Government representative in the Canadian Senate

The representative of the Government in the Senate (représentant du gouvernement au Sénat) is the member of the Senate of Canada who is responsible for introducing, promoting, and defending the government's bills in the Senate after they are passed by the House of Commons. The representative is appointed by the prime minister.

The position replaced the leader of the Government in the Senate (leader du gouvernement au Sénat), which from 1867 to 2015 was a senator who was a member of the governing party and led the government caucus in the Senate of Canada (whether or not that party held a majority in the Senate). The position of Leader had almost always been held by a Cabinet minister, except briefly in 1926, from 1958 to 1963 and from 2013 to the position being discontinued in 2015.

The government representative's counterpart on the Opposition benches is the leader of the Opposition in the Senate, who continues to be a member of the Official Opposition political party.
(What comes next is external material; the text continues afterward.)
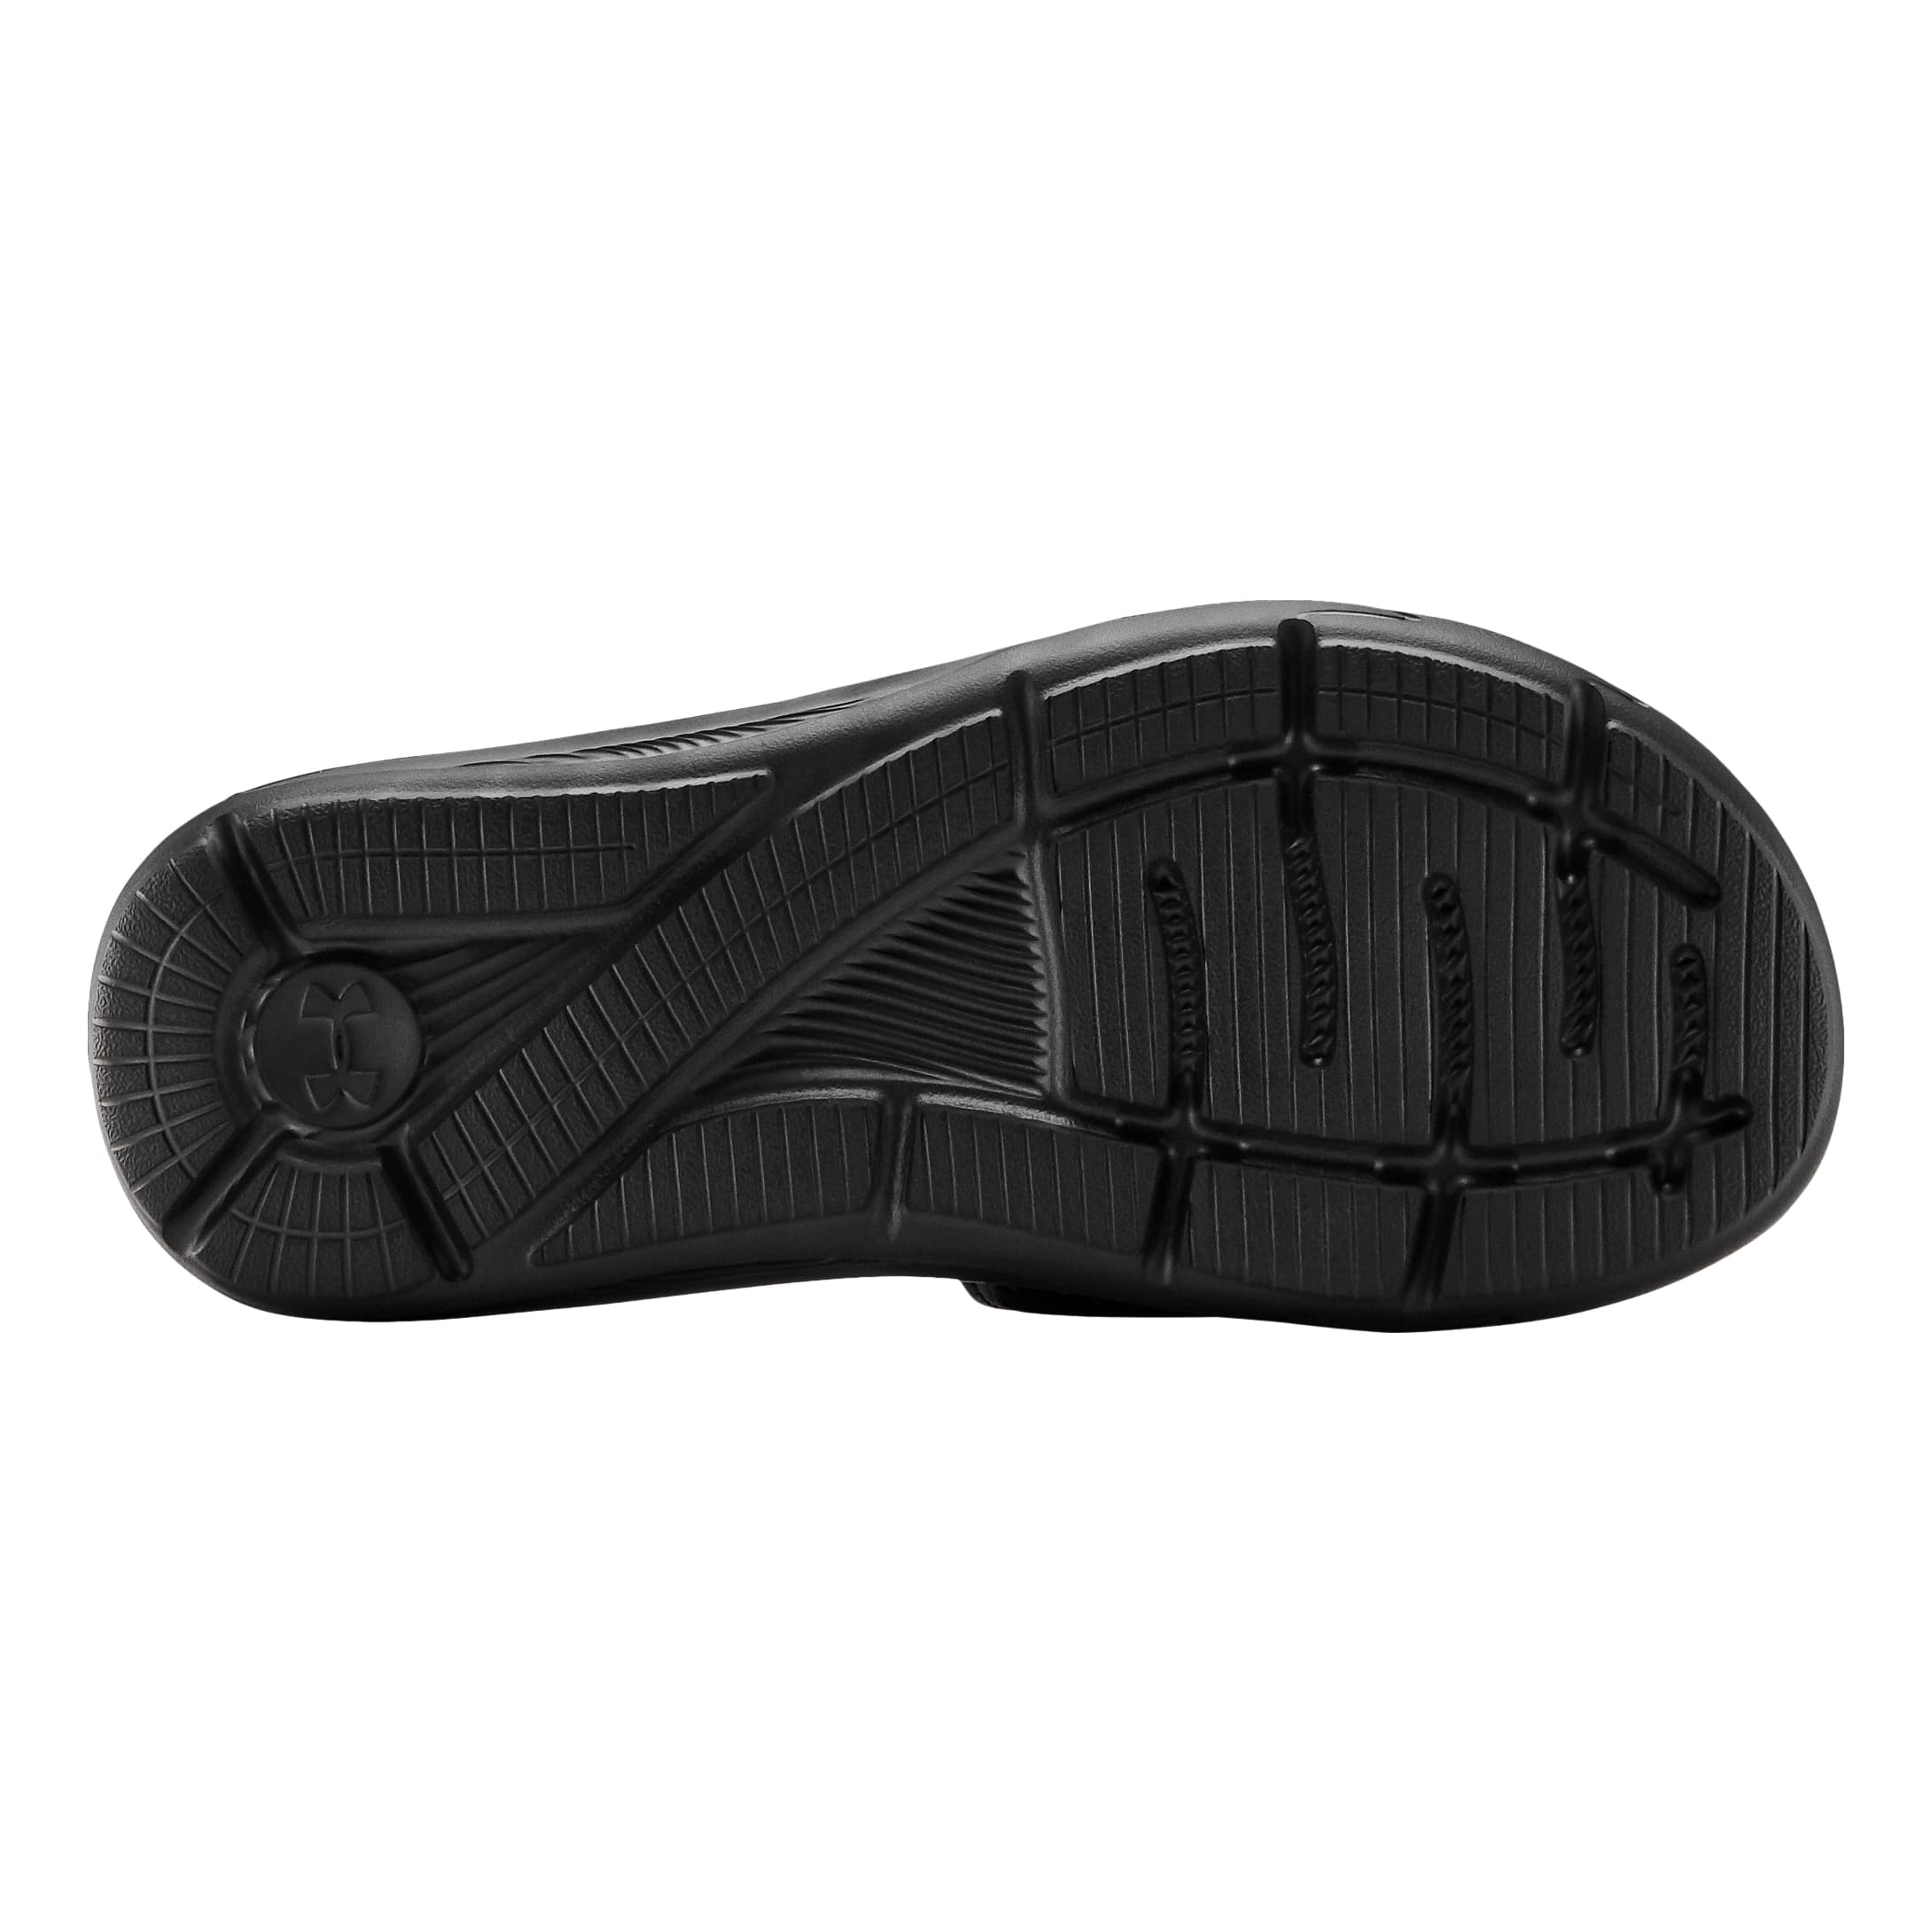 Under Armour® Children’s Ignite VI Slide Sandals - sole

Senator Pierre Moreau has served as the third and most recent representative of the Government in the Senate since July 18, 2025.

==History==

=== As Leader of the Government ===
Early Canadian cabinets included several senators who would be answerable to the Senate for government actions, one of whom would serve as de facto government leader in the Senate. In the nineteenth century, it was not considered unusual for a senator to be Prime Minister. Sir John Joseph Caldwell Abbott and Sir Mackenzie Bowell served as prime minister from the Senate. Abbott and Bowell both found it difficult to lead the government from the Senate, however, and over time, the perceived legitimacy of the Senate declined. Today, it is rare for senators to occupy prominent positions in cabinet. From 1935 on, it was typical for a cabinet to have only one senator who would have the position of minister without portfolio alongside the position of leader of the government in the Senate.
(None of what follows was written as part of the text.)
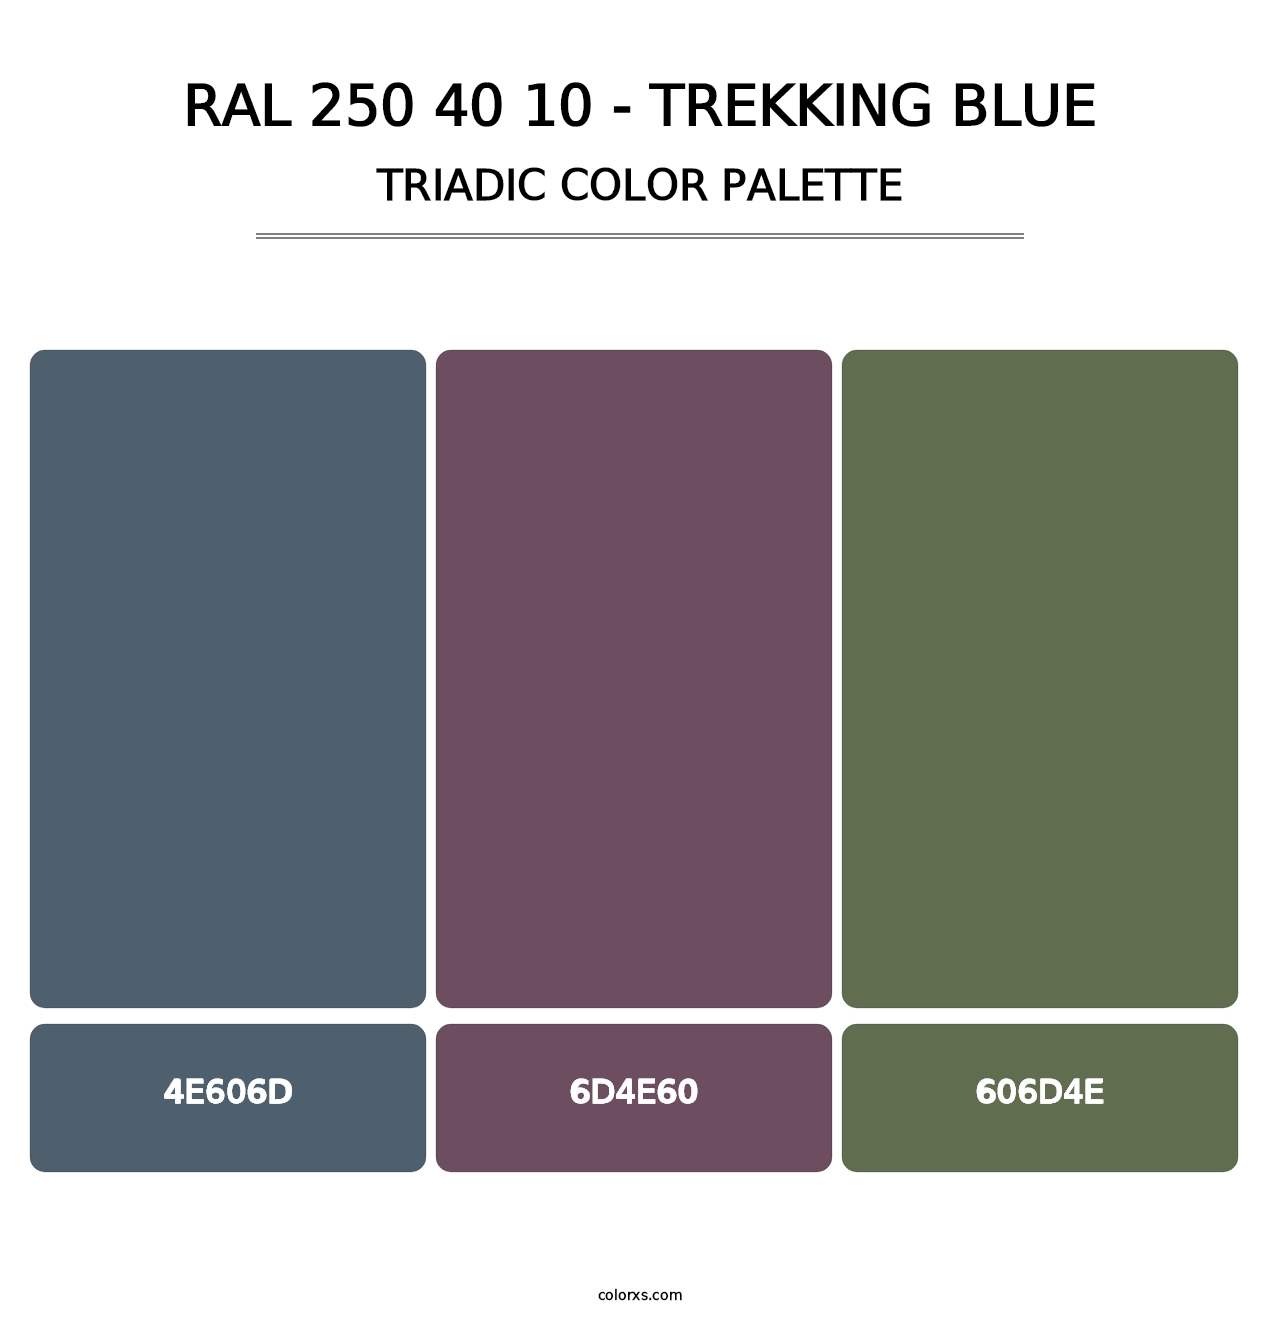 RAL 250 40 10 - Trekking Blue - Triadic Color Palette

There have been a few rare occasions when the leader of the government in the Senate was not included in the cabinet by virtue of a separate ministerial appointment, such as William Benjamin Ross who served in the position in 1926, and Walter Morley Aseltine and Alfred Johnson Brooks who were not included in the cabinets of Prime Minister John Diefenbaker from 1958-1963. In 1968, the position of leader of the government in the Senate became an official Cabinet position in its own right with the appointment of Paul Martin, Sr. (father of Canada's future prime minister, Paul Martin). From July 2013, under Prime Minister Stephen Harper, the government leader in the Senate was again a non-cabinet minister.

Occasionally, senators still hold senior cabinet positions (other than the leader of the government in the Senate) in order to ensure regional balance in cabinet if the governing party is unable to elect members in a particular region or province, e.g., when the Progressive Conservative Party formed the government under the leadership of Joe Clark in 1979, and when the Liberal Party formed the government under the leadership of Pierre Trudeau in 1980. However, it is usually the case that the leader of the government in the Senate is the sole senator serving in Cabinet.

The responsibilities of the leader of the government in the Senate include:

1. Planning and managing the government's legislative program in the Senate
2. Answering all questions for the government during the Senate's Question Period
3. Maintaining relations with the opposition on all matters concerning Senate activities
4. Working with the leader of the Government in the House of Commons to ensure the effective coordination of the government's legislative programme.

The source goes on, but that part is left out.